Strip the pictures, then copy the remaining data exactly as it stands.

Exercise data:
|---|

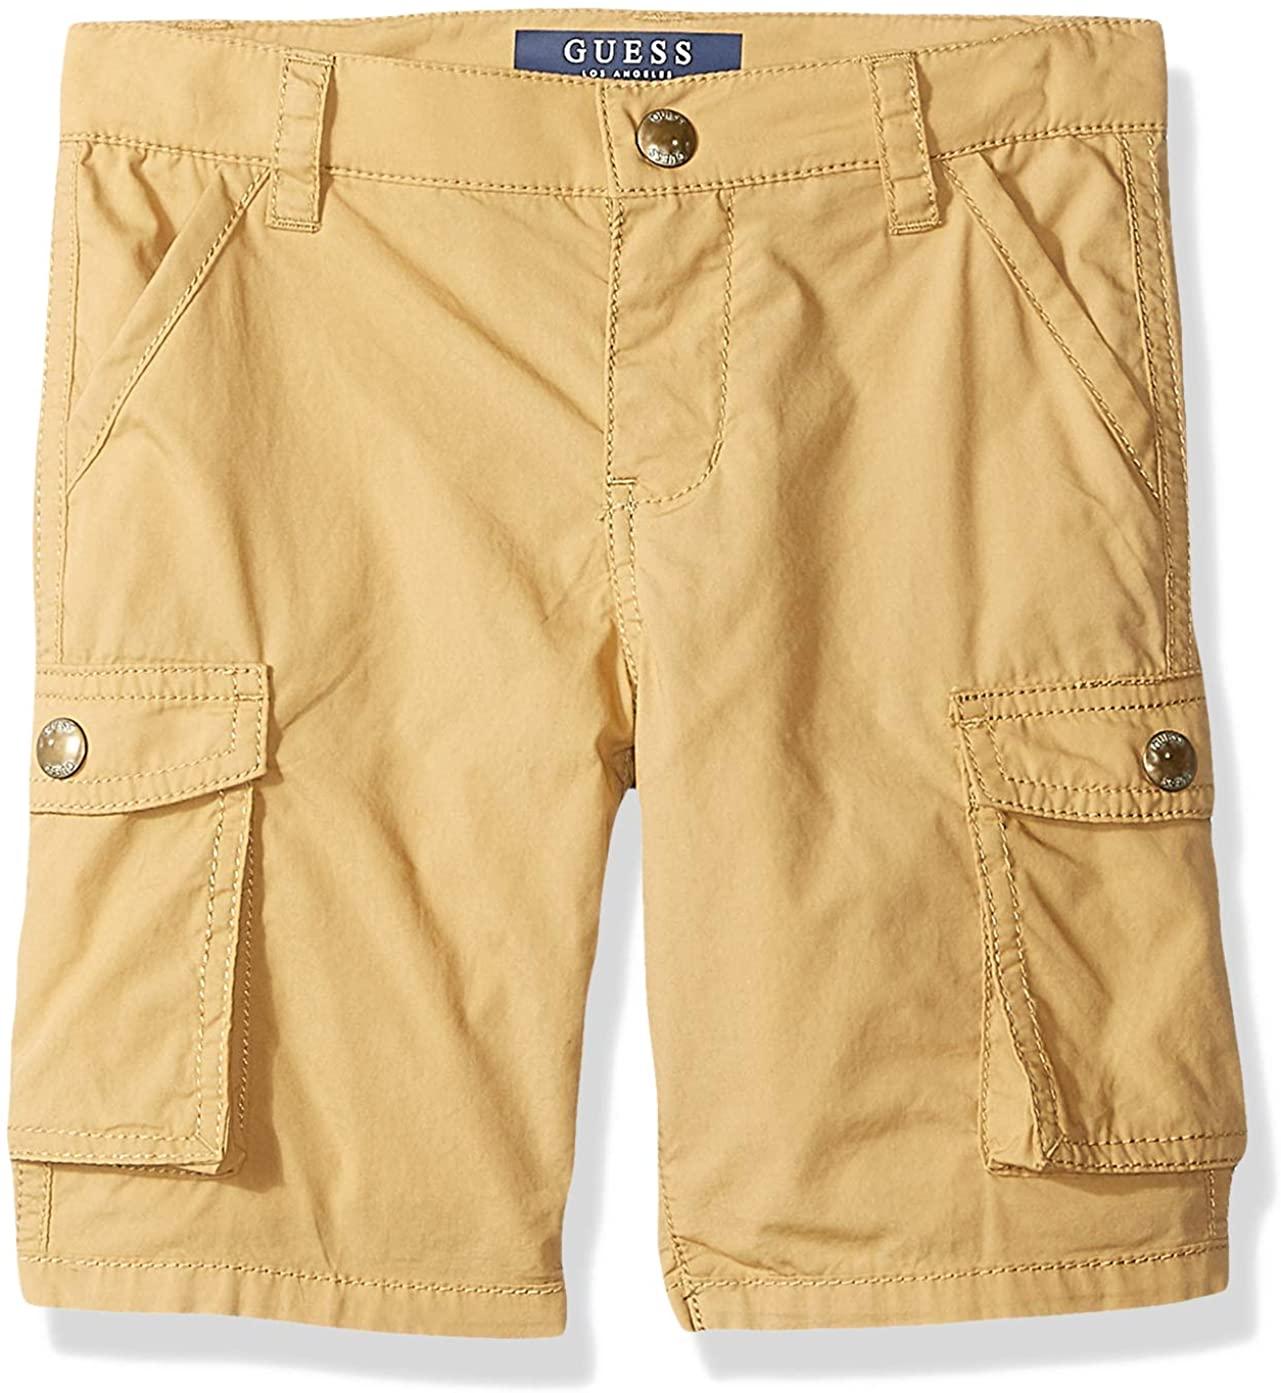 GUESS Boys' Little Cargo Shorts, Honey Pie, 5
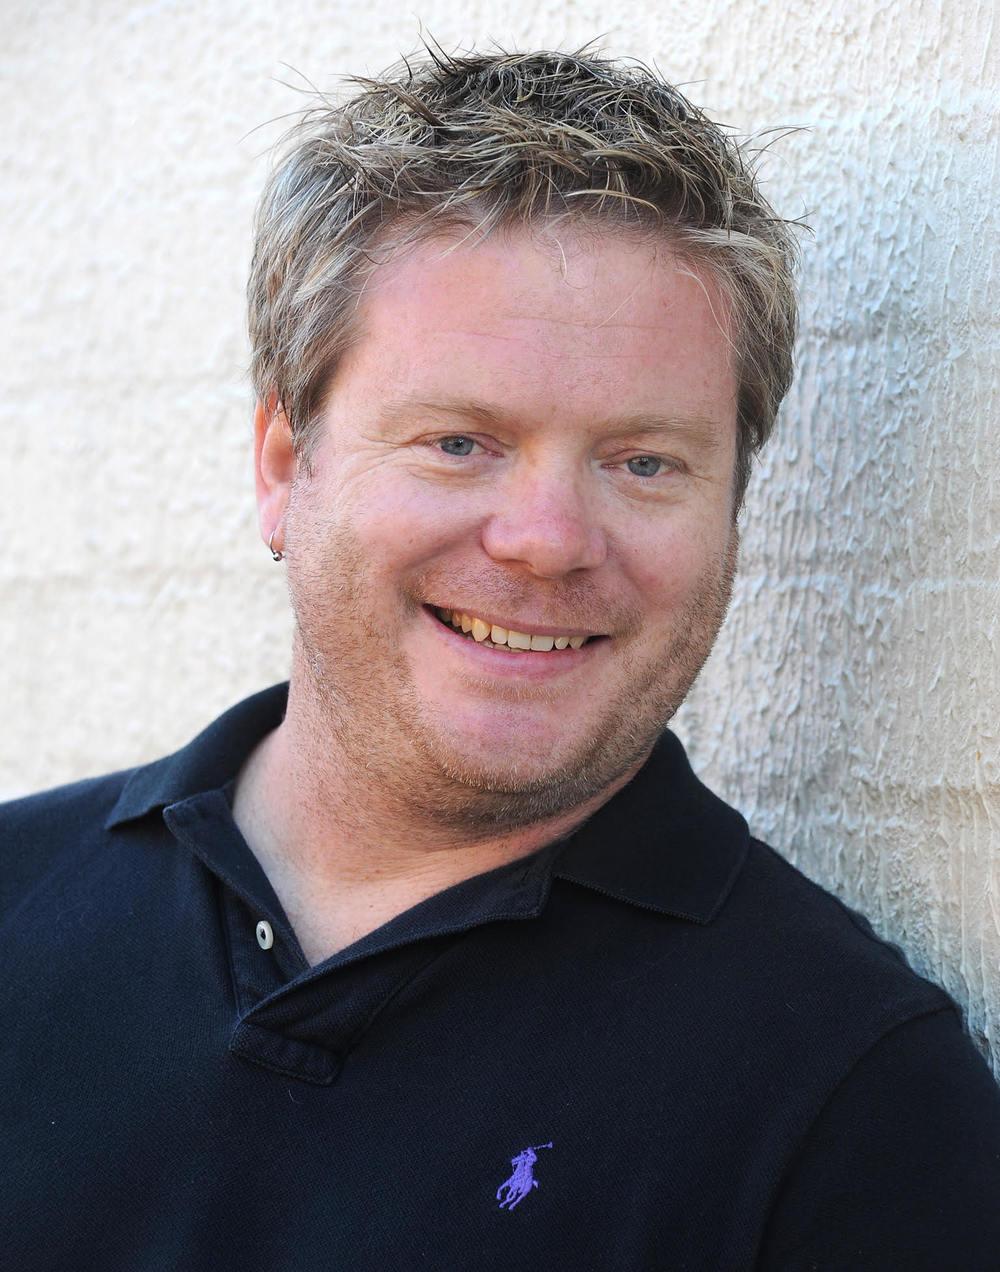 Adam Lowe
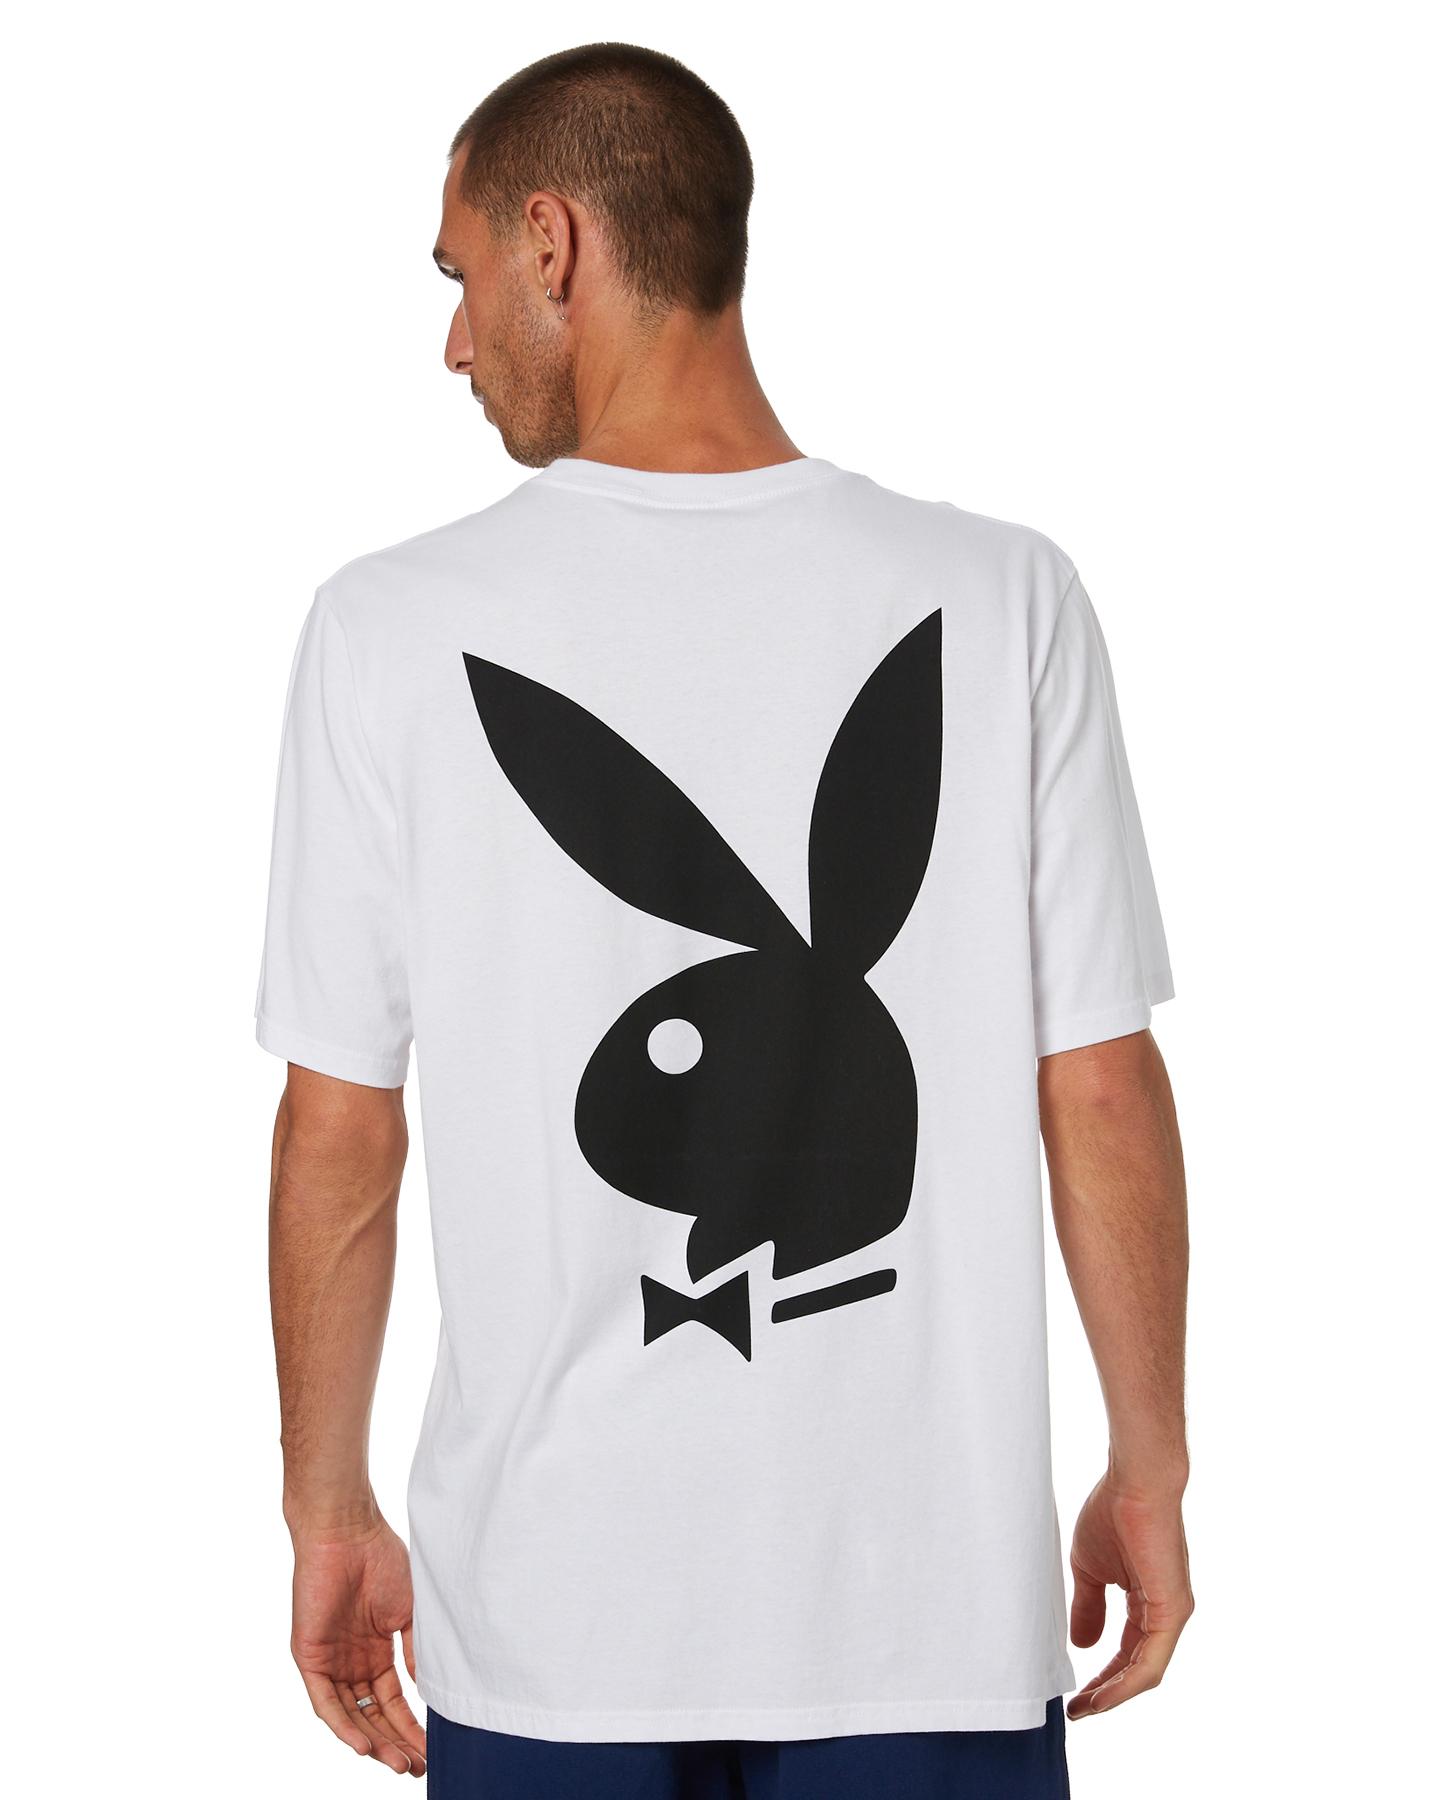 Playboy Playboy Logo Mens Ss Tee White
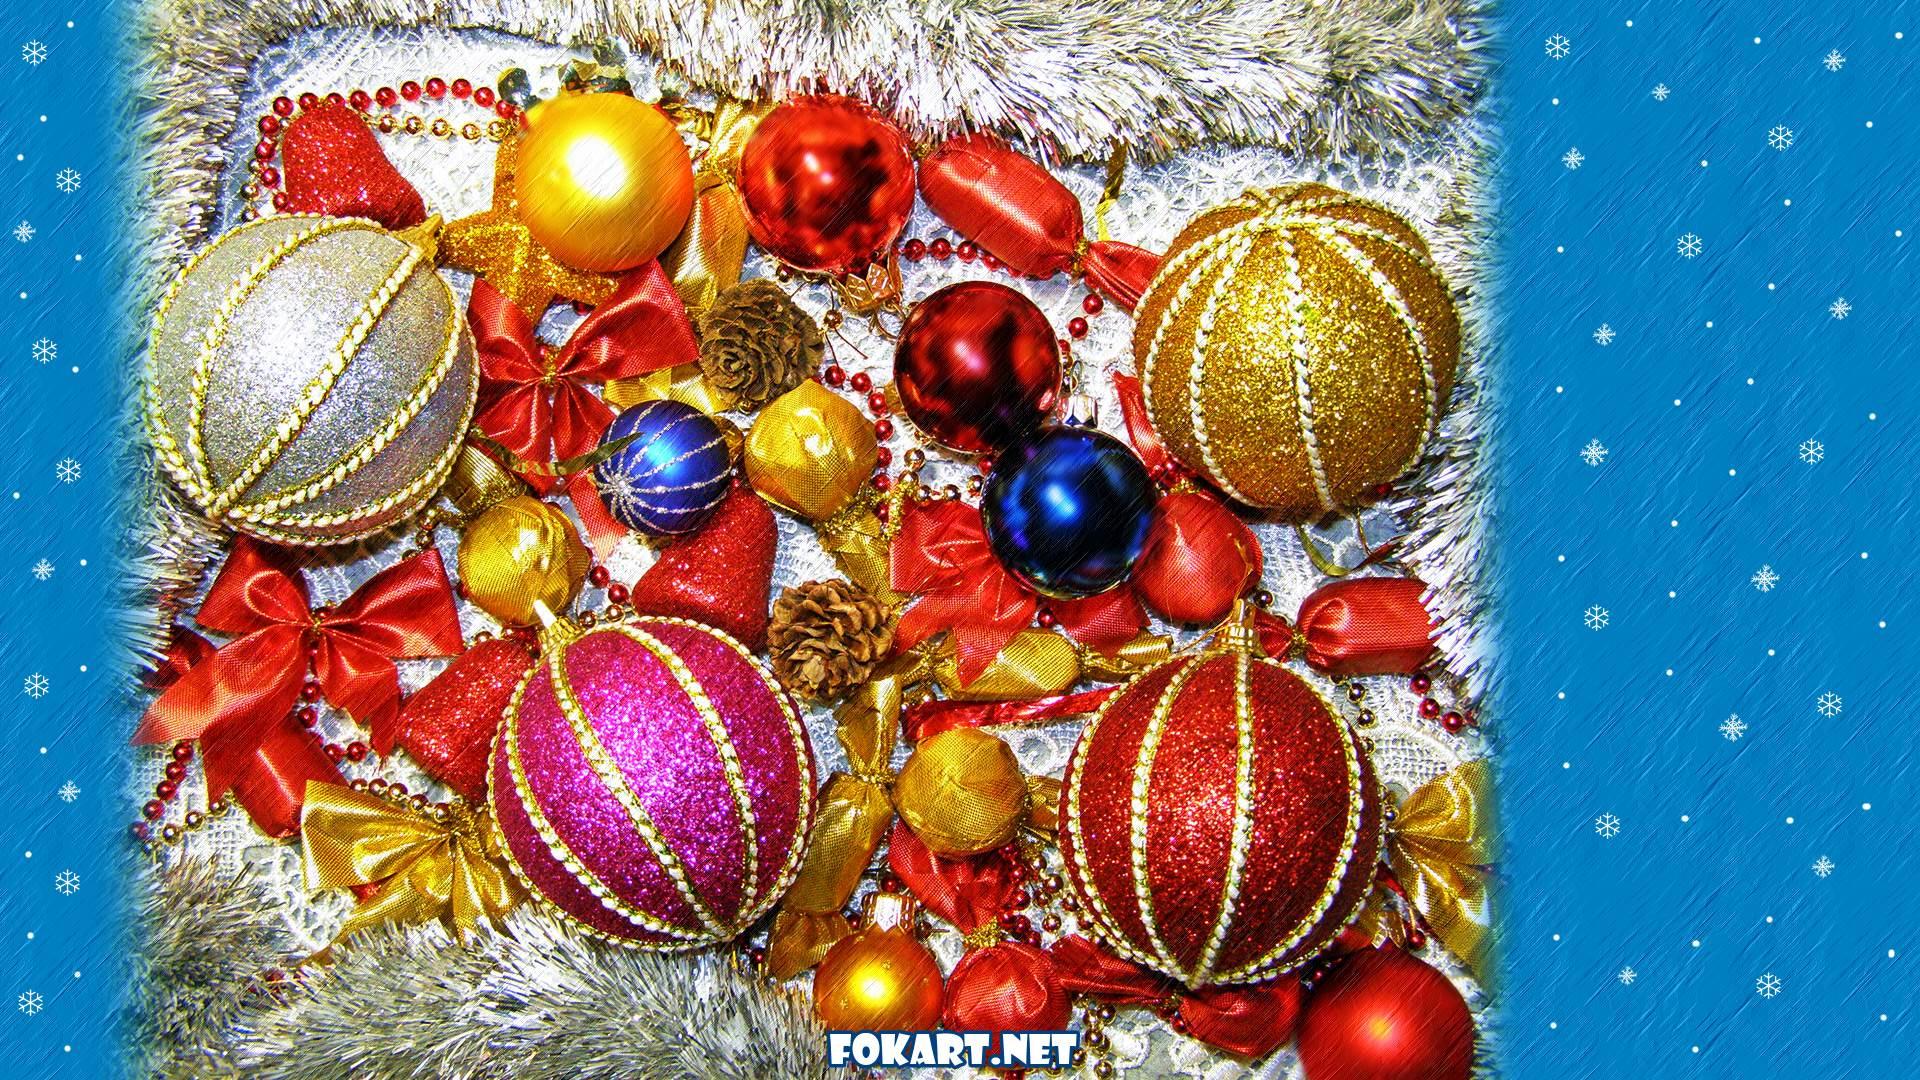 Новогодние яркие шарики и бантики и фон со снежинками

|---|

Reply:
 GUESS Boys' Little Cargo Shorts, Honey Pie, 5
 Adam Lowe
 Playboy Playboy Logo Mens Ss Tee White
 Новогодние яркие шарики и бантики и фон со снежинками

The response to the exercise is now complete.